Home Appliance Market Post-WTO

Viet Nam’s entry into the World Trade Organization is a great opportunity for the country’s economic development. However, challenges will inevitably follow. The electronic industry is not an exception, so who will be and not be profitable from it?

Sai Gon – Nguyen Kim home appliance store in Tran Hung Dao Street is crowded with customers on year-end days (Photo: K.Kh)

A number of well-known brand names of home appliances such as Sony, Samsung, Panasonic, Toshiba and LG have been present in Viet Nam for a rather long time and have had their market shares.
For them, Viet Nam’s WTO membership is not a new challenge; on the contrary, they are waiting for opportunities to come.
It’s not by chance that producers have continuously launched new models on Viet Nam’s market since the end of last year.

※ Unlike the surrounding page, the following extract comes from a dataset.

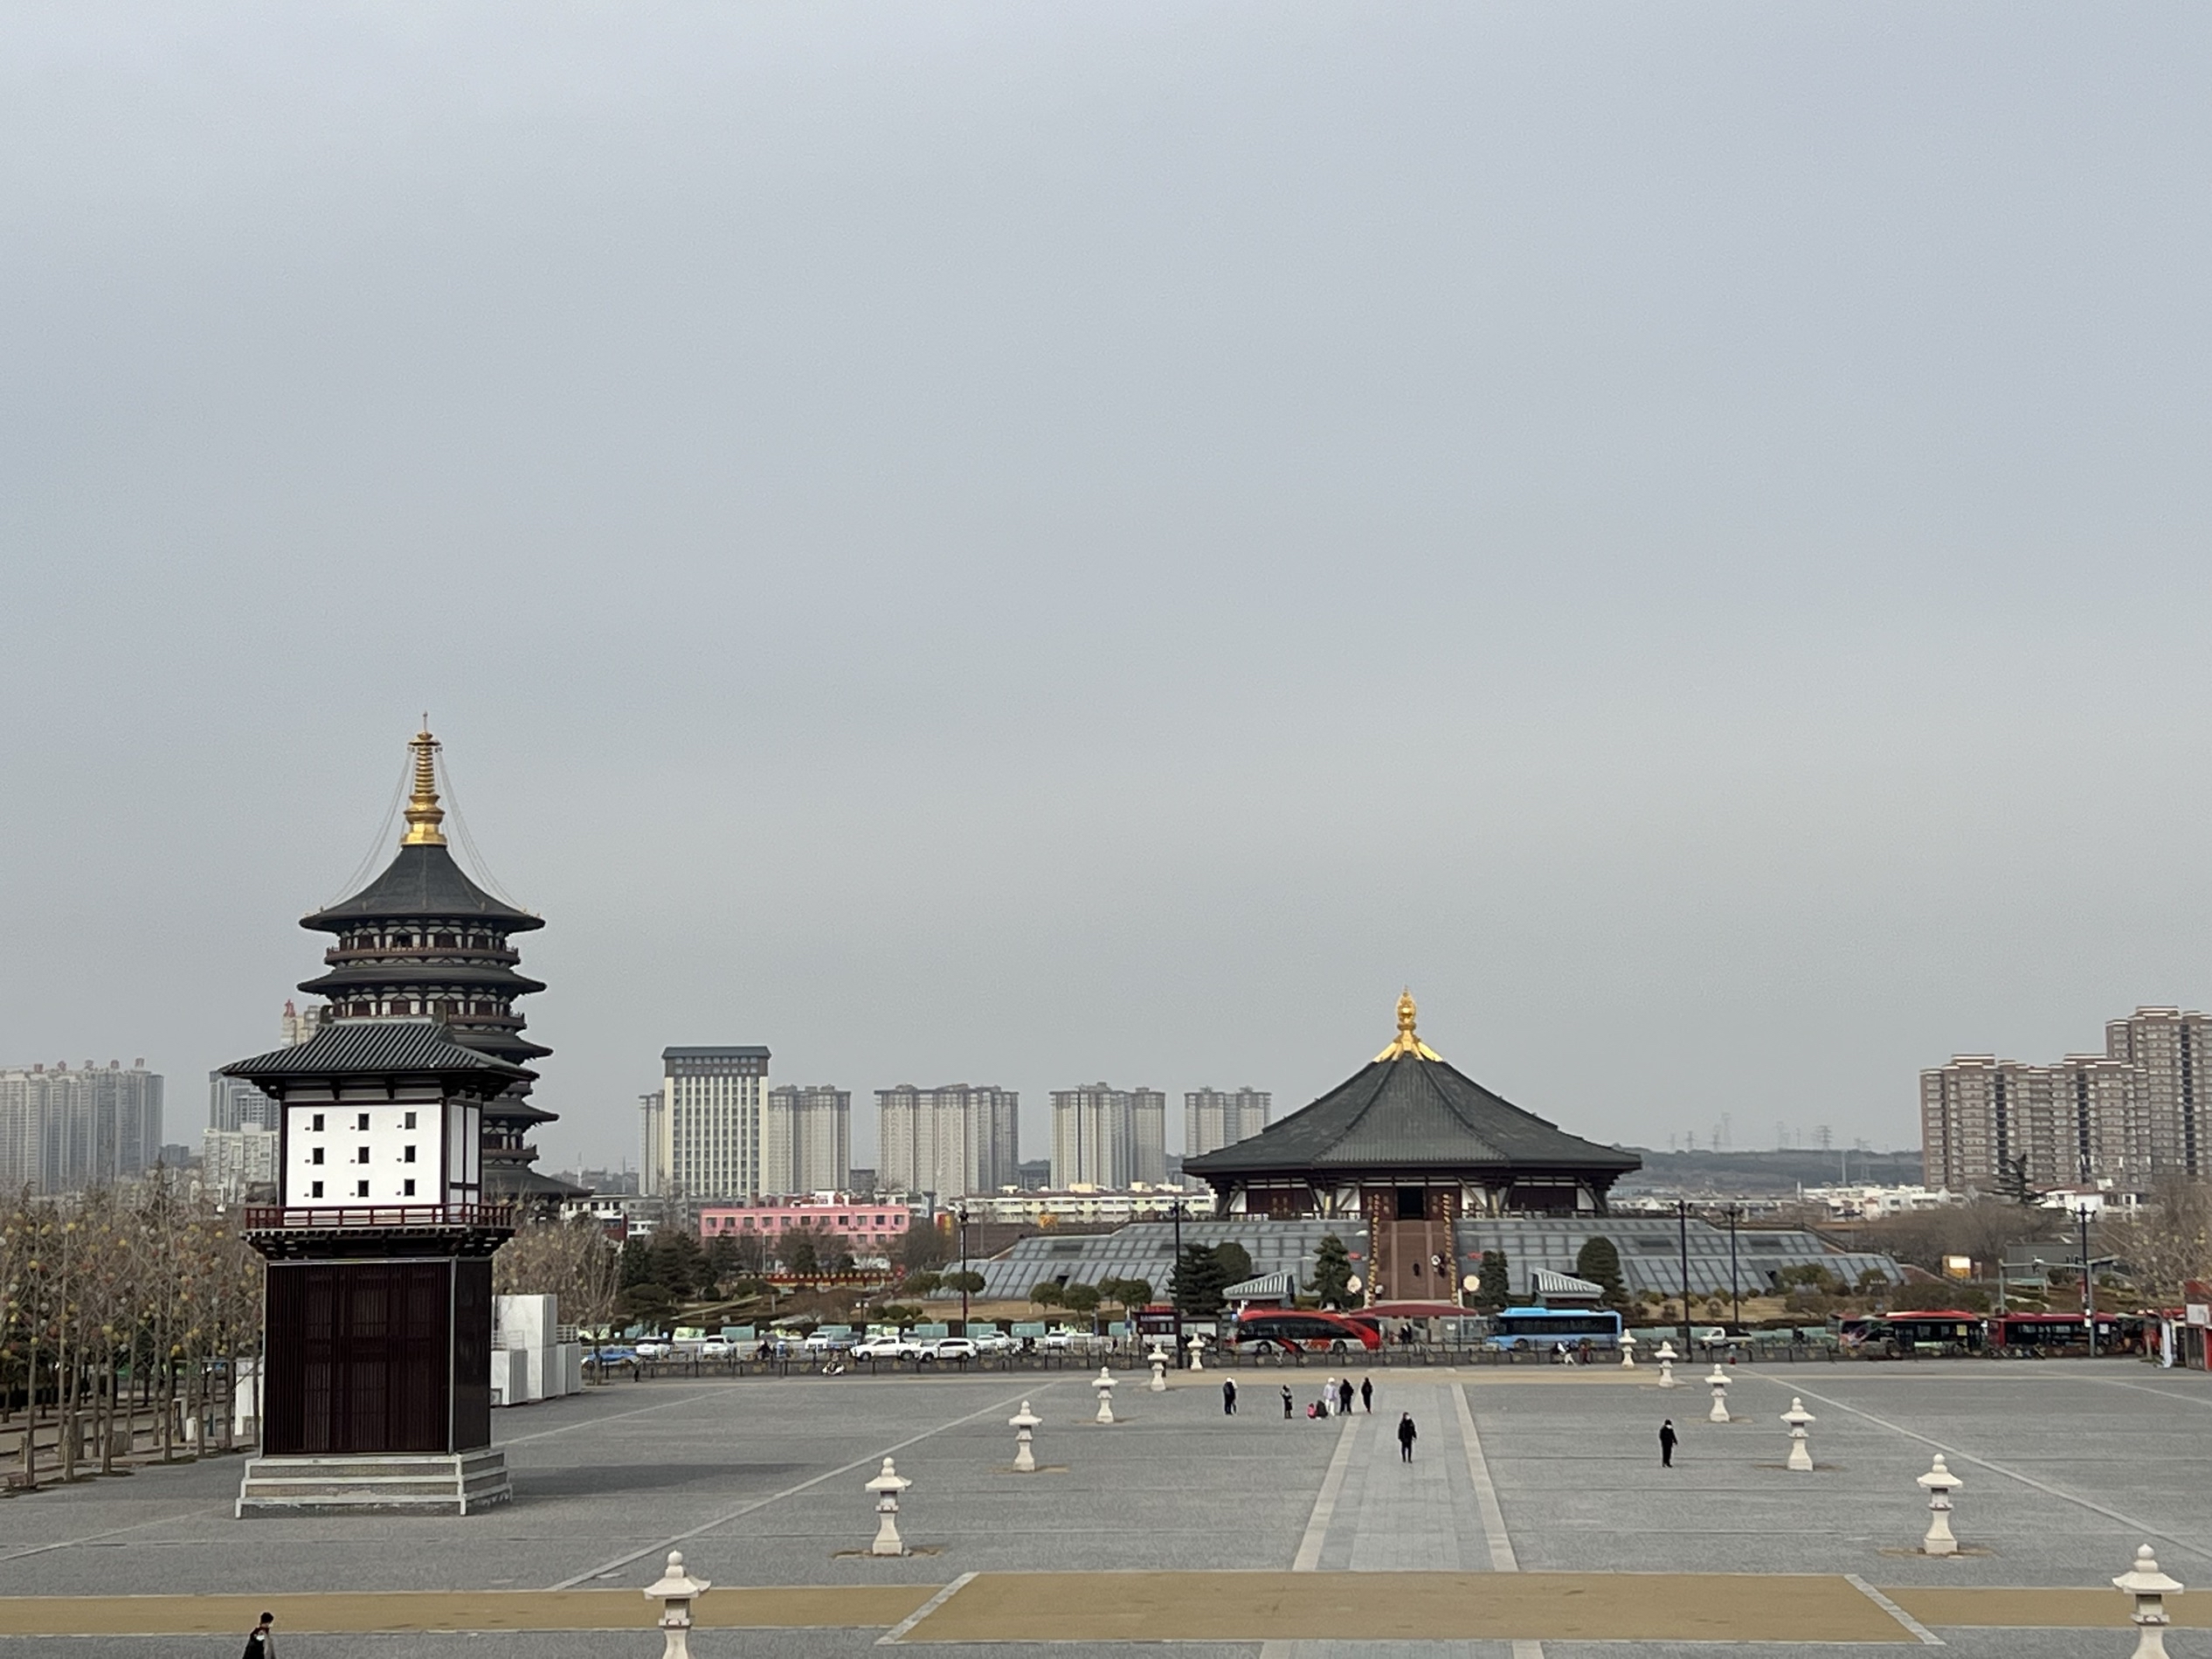 Luoyang Sui and Tang National Heritage Park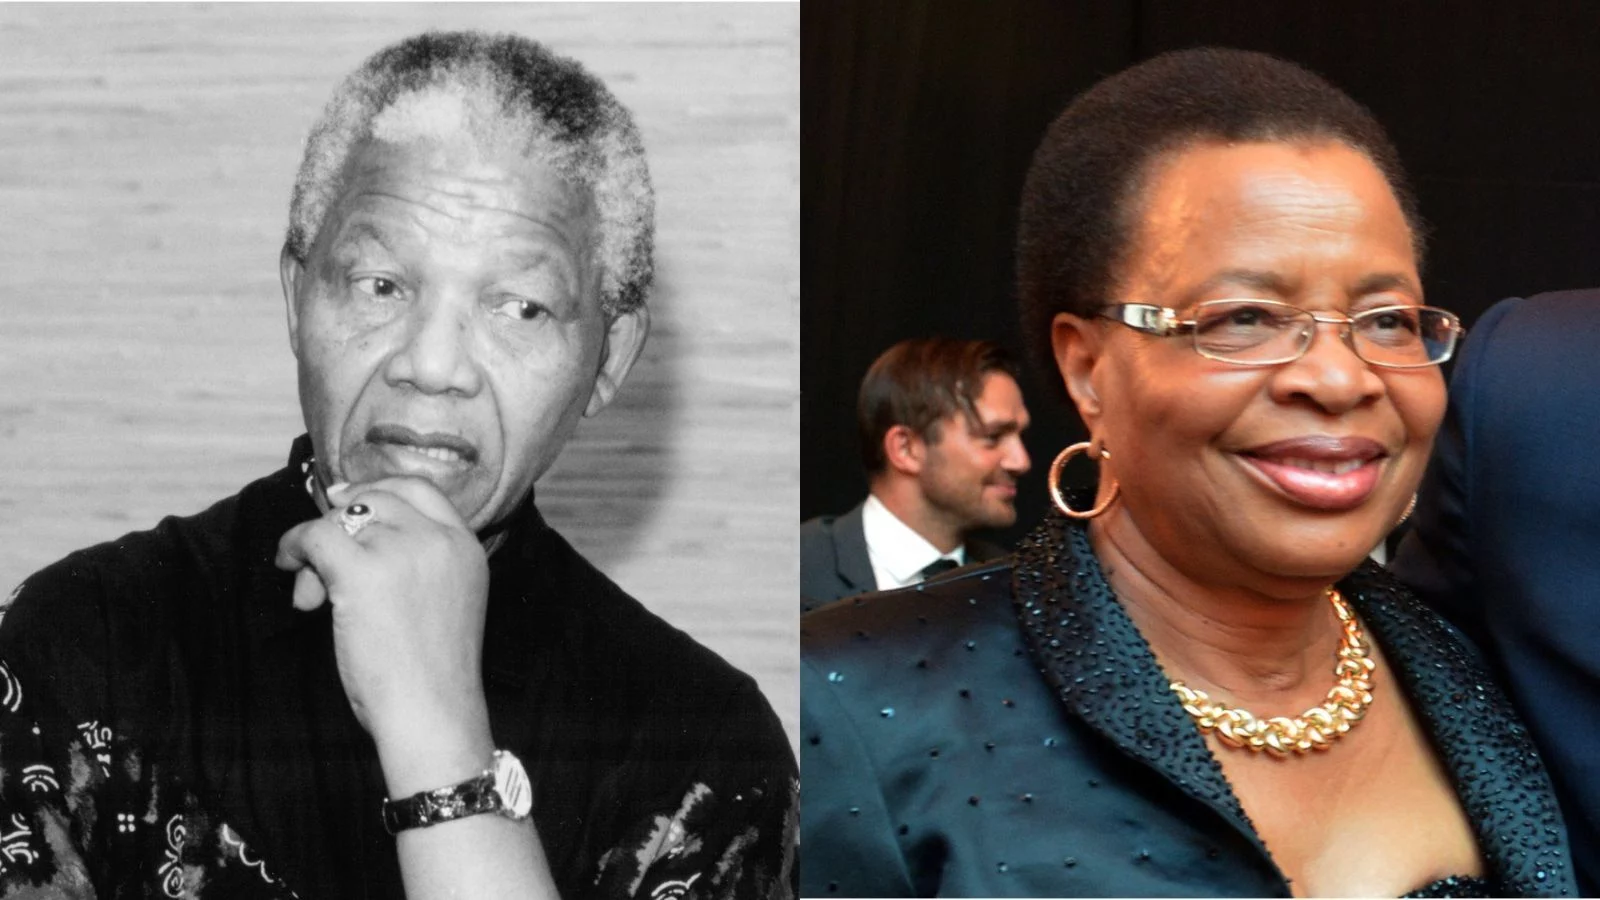 A black and white image of Nelson Mandela together with a coloured image of Graca Machel.

It’s not simple a price and technological competition, but it’s their advanced preparation for the country’s WTO-entry.
Those joint-venture companies have tried to take advantage of investment incentives and low labor costs in Viet Nam as well as in other Southeast Asian countries compared to the rest of the world.
Home appliances with several new models are flooding Viet Nam. The Viet Nam’s electronic market can be said to be abreast of the regional and world markets.
Nowadays, Vietnamese customers can afford high-quality home appliances such as LCD and plasma TV sets with famous brand names like Vierra, Bravia and Time Machine thanks to competition between producers.
For some products, the customers can enjoy big sales, about 30-50 percent off.
Some said the prices might be lower as the import tariffs imposed on home appliances will be reduced to meet Viet Nam’s commitments to the WTO. But it is not the reason as the tariffs were already reduced when Viet Nam started to implement its trade commitments to the ASEAN Free Trade Area two years ago.
Therefore, the big foreign home-appliance producers have competed equally in Viet Nam’s market.
Meanwhile, local producers are worried about the fierce competition which the country’s WTO membership might bring about. They might not be able to compete against foreign produces in terms of finance and technology.
If they know how to make full use of their capacity in making spare parts and accessories, they can survive.
Some are not sure whether to cooperate with foreign partners or to operate in the new environment as the country just became a WTO member.